Building efficient and durable 3D nanotubes electrode for solid oxide electrolytic cells

Abstract

Solid oxide electrolytic cells (SOEC) have great potential in CO2 conversion and energy storage. However, commercial application of SOEC is still challenging due to the sluggish rate of CO2 electrochemical reduction caused by the arduous activation and limited CO2 adsorption on cathode surface. In this study, synergetic regulation strategy on intrinsic catalysis activity and surface amelioration is proposed to improve the CO2 adsorption capacity and increase the adsorption sites. This strategy is demonstrated in a Cu-doped three-dimensional (3D) porous Sr2Fe1·3Cu0·2Mo0·5O6−δ(SFCuM) nanotube cathode. The results indicate that SFCuM nanotube shows more oxygen vacancies and excellent oxygen ion conduction. At the same time, the nanostructure provides a larger three-phase reaction interface and more reaction sites for CO2 reduction reaction (CO2RR).
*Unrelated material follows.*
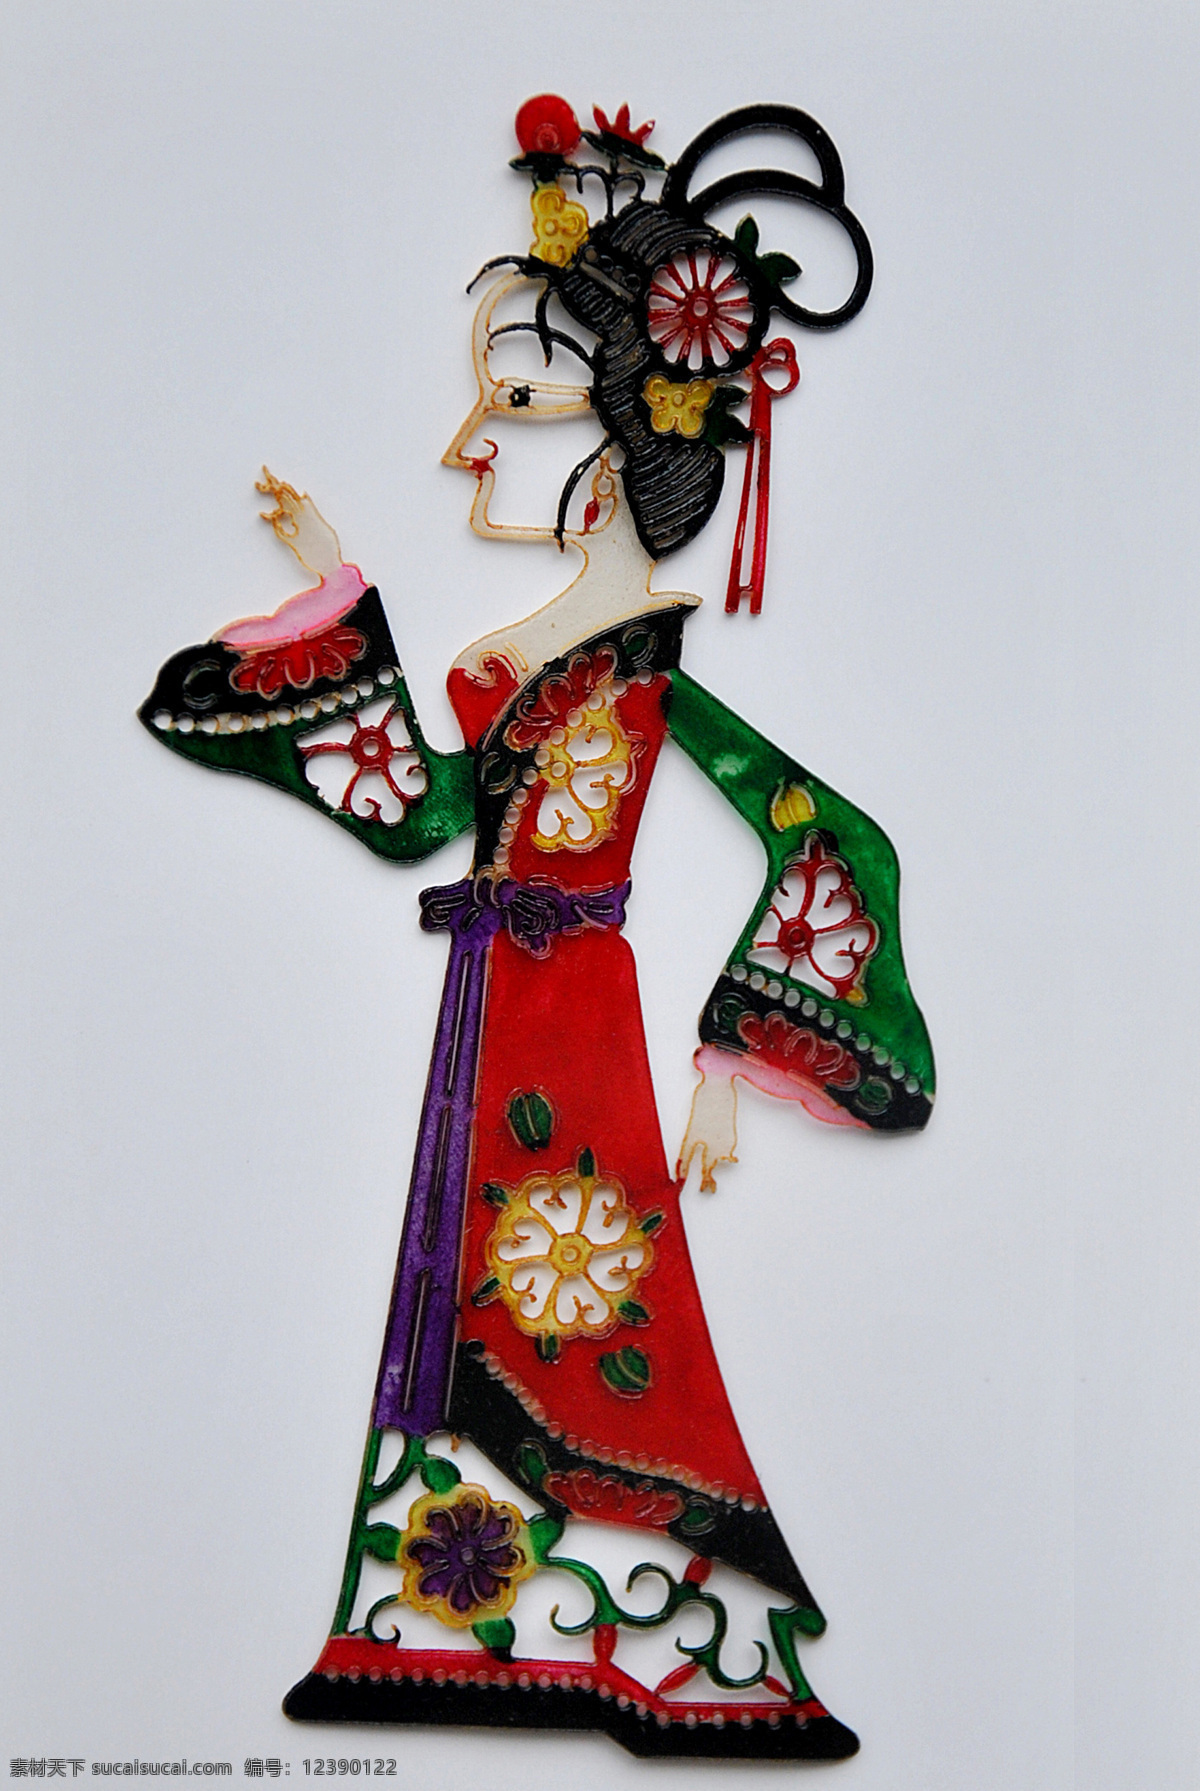 皮影 传统文化 文化艺术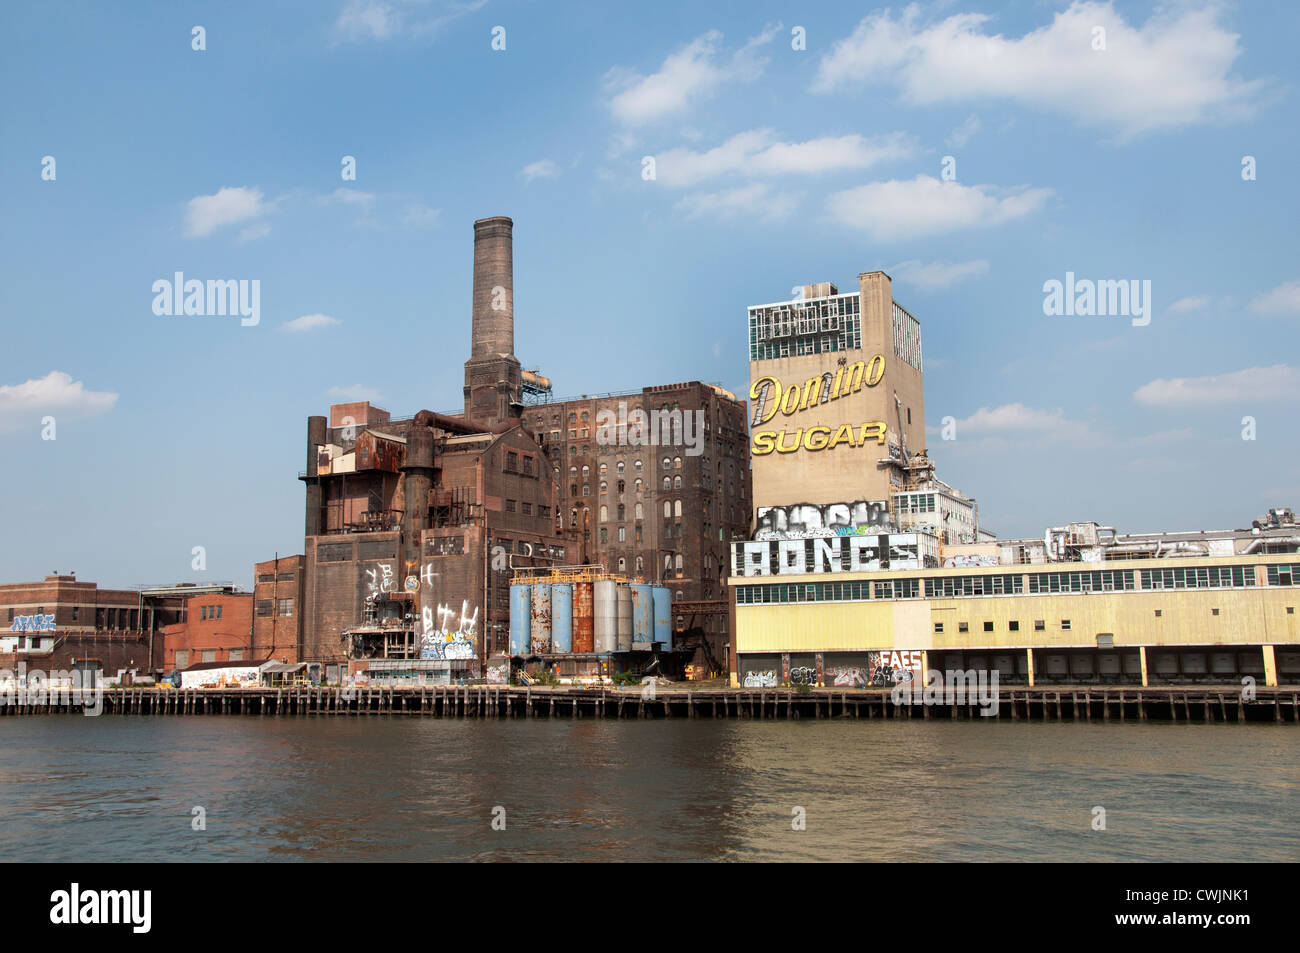 Domino Zuckerraffinerie Williamsburg Brooklyn New York Vereinigte Staaten von Amerika Stockfoto

Benefiting from these merits, the maximum electrolytic current density of the designed SFCuM electrode can be improved to 1.68 A cm−2 at 750 °C and the related polarization resistance can be lowered to 0.59 Ω cm2. In addition, the porous SFCuM nanotube electrode also showed good stability at a constant electrolytic voltage of 1.5 V, with no performance decay during continuous 200-h operation. Such a synergetic regulation strategy may provide some new insight on catalyst design and modification for high-activity CO2RR electrode.